ゼロから理解する「Oracle RAC」:ゼロからのリレーショナルデータベース入門(7)(1/2 ページ)
本連載は、企業の成長に不可欠な「データ活用」を推進していくために必要なデータ基盤の基礎を“あらためて”解説していきます。今回は、Oracle Databaseのクラスタリング機能である「Oracle Real Application Clusters(Oracle RAC)」の基礎と仕組みを解説します。【更新版】
目次
「Oracle RAC」とは
「Oracle Real Application Clusters(以下、Oracle RAC)」とは、ロードバランス(負荷分散)型のクラスタリング構成をOracle Databaseで実現する方式のことです(図1)。

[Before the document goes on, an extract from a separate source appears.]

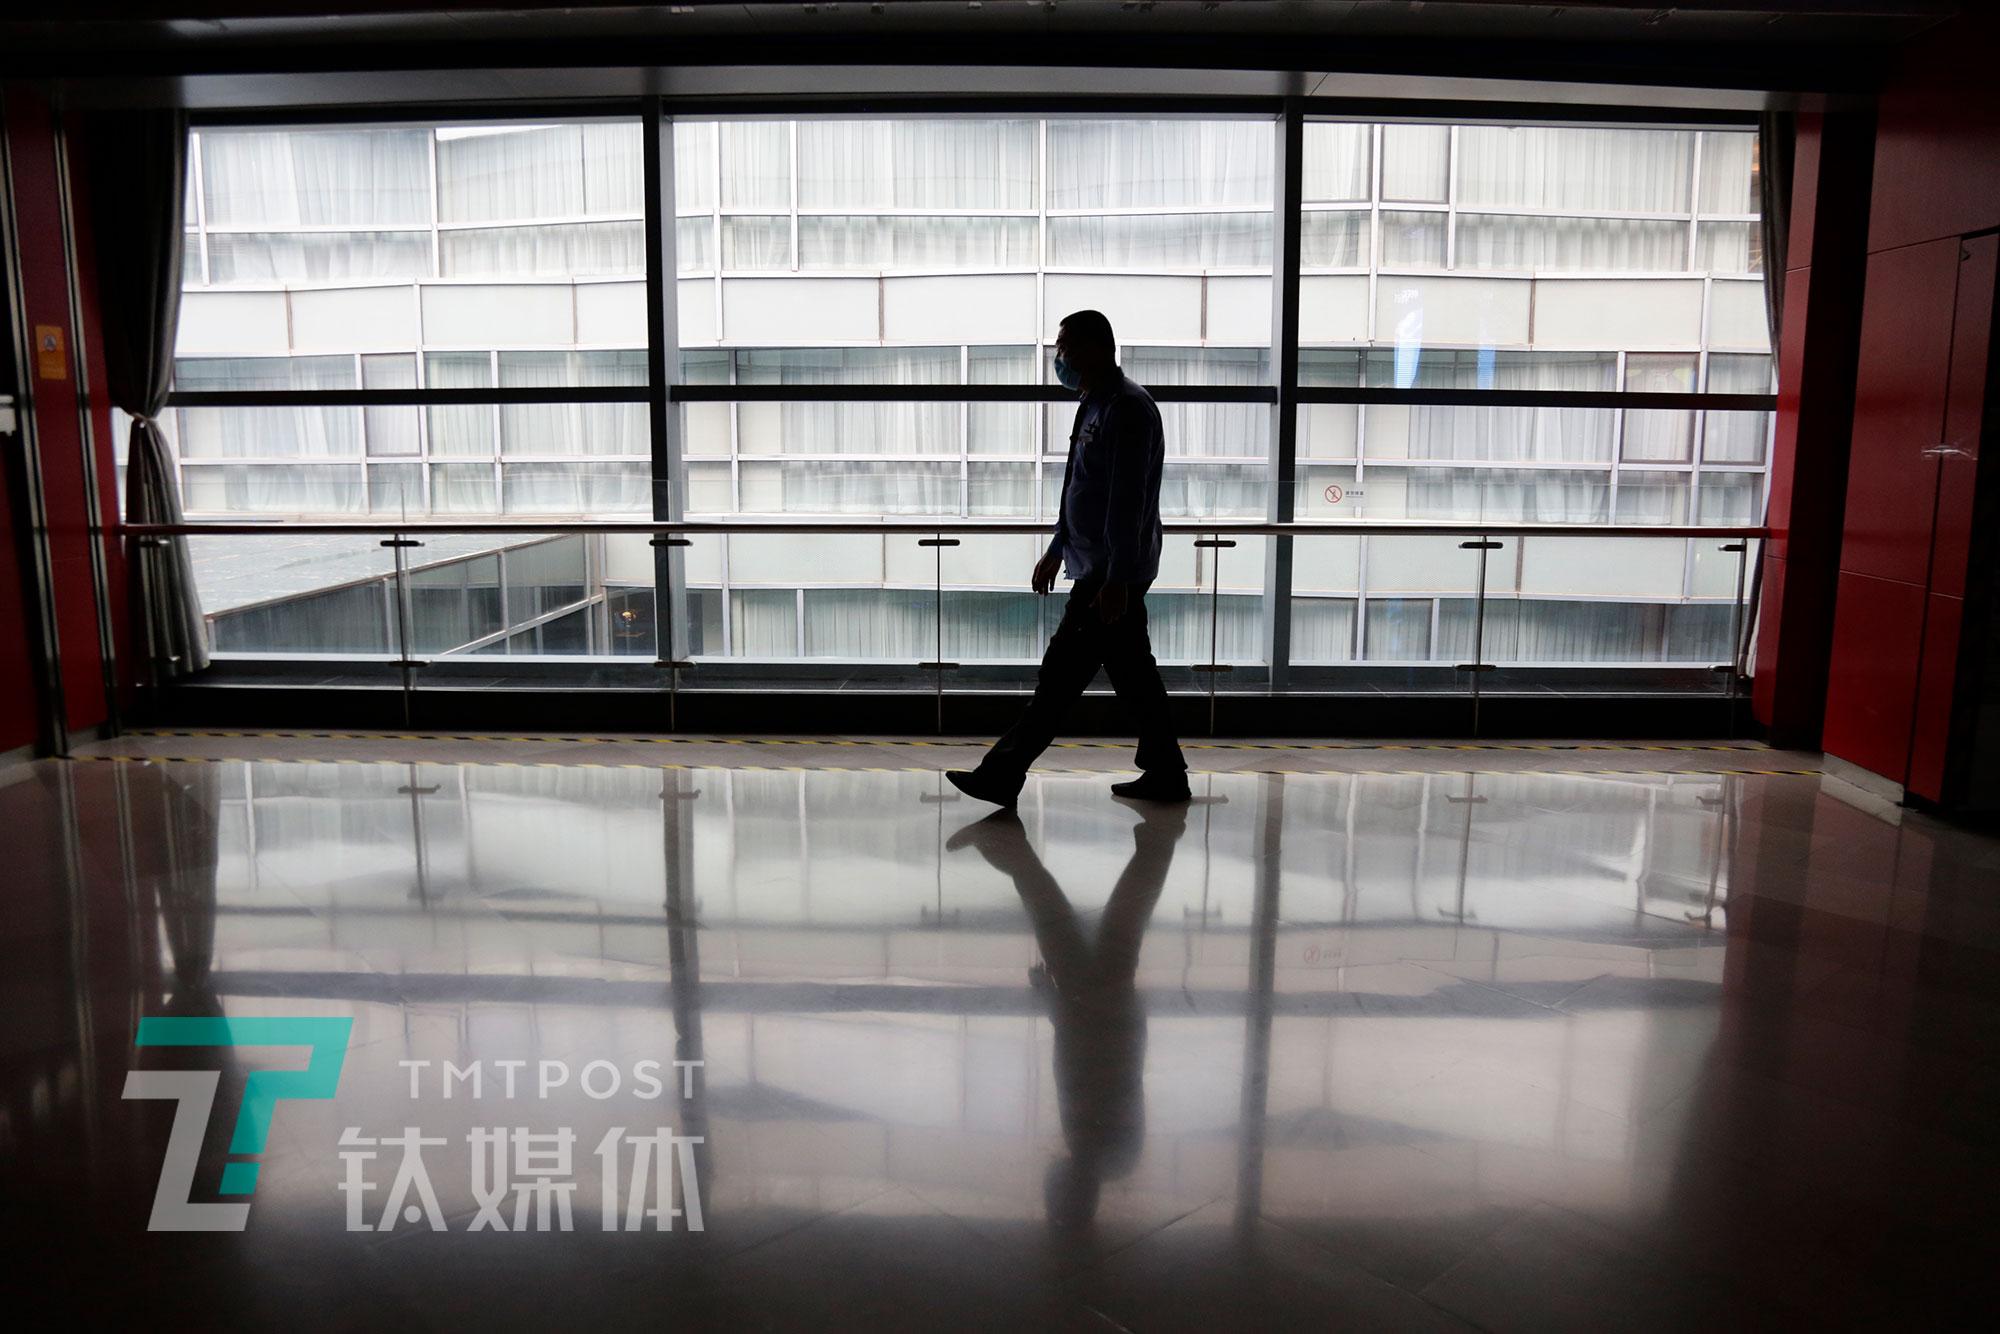 5月8日,北京,首都电影院保安人员巡检。

Oracle RACでは、各ノードで稼働している複数のOracleインスタンスで、共有ストレージ上のデータベースを管理しています。主に以下の3つの特徴があります。
1:「可用性」を高める
Oracle RACの構成では、複数のインスタンスで1つのデータベースを管理しています。このため、仮にあるノードでハードウェア障害が発生したとしても、他のノードのOracleインスタンスに接続しているアプリケーションは処理を継続できます(図2)。
また、そのときに障害が発生したノードにアクセスしていたアプリケーションも、他ノードに接続を切り替える(フェイルオーバーする)ことで処理を継続できます。つまり、サービスを止めない=可用性を高めることが可能です。
2:「負荷分散」が可能
Oracle RACの構成では、複数のインスタンスで1つのデータベースを管理しています。つまり、「どのインスタンスに接続して処理を行っても、同様の結果が得られる」ということです。クライアントから接続するインスタンスをランダムに選択したり、接続要求を負荷の低いノードに振り分けたりして、負荷を分散できます(図3)。
3:「拡張」によって性能向上が可能
Oracle RACで構成するインスタンスは増減が可能です。インスタンスを追加(スケールアウト)すれば、システム全体の処理能力を向上させることができます(図4)。
以上のようにOracle RACでは、複数のインスタンスで1つのデータベースを管理することで、可用性、負荷分散、拡張性の実現という大きなメリットが得られます。その一方で、複数のインスタンスで1つのデータベースのデータを同時に参照、更新するために、シングルインスタンスの場合とは異なる仕組みが必要となります。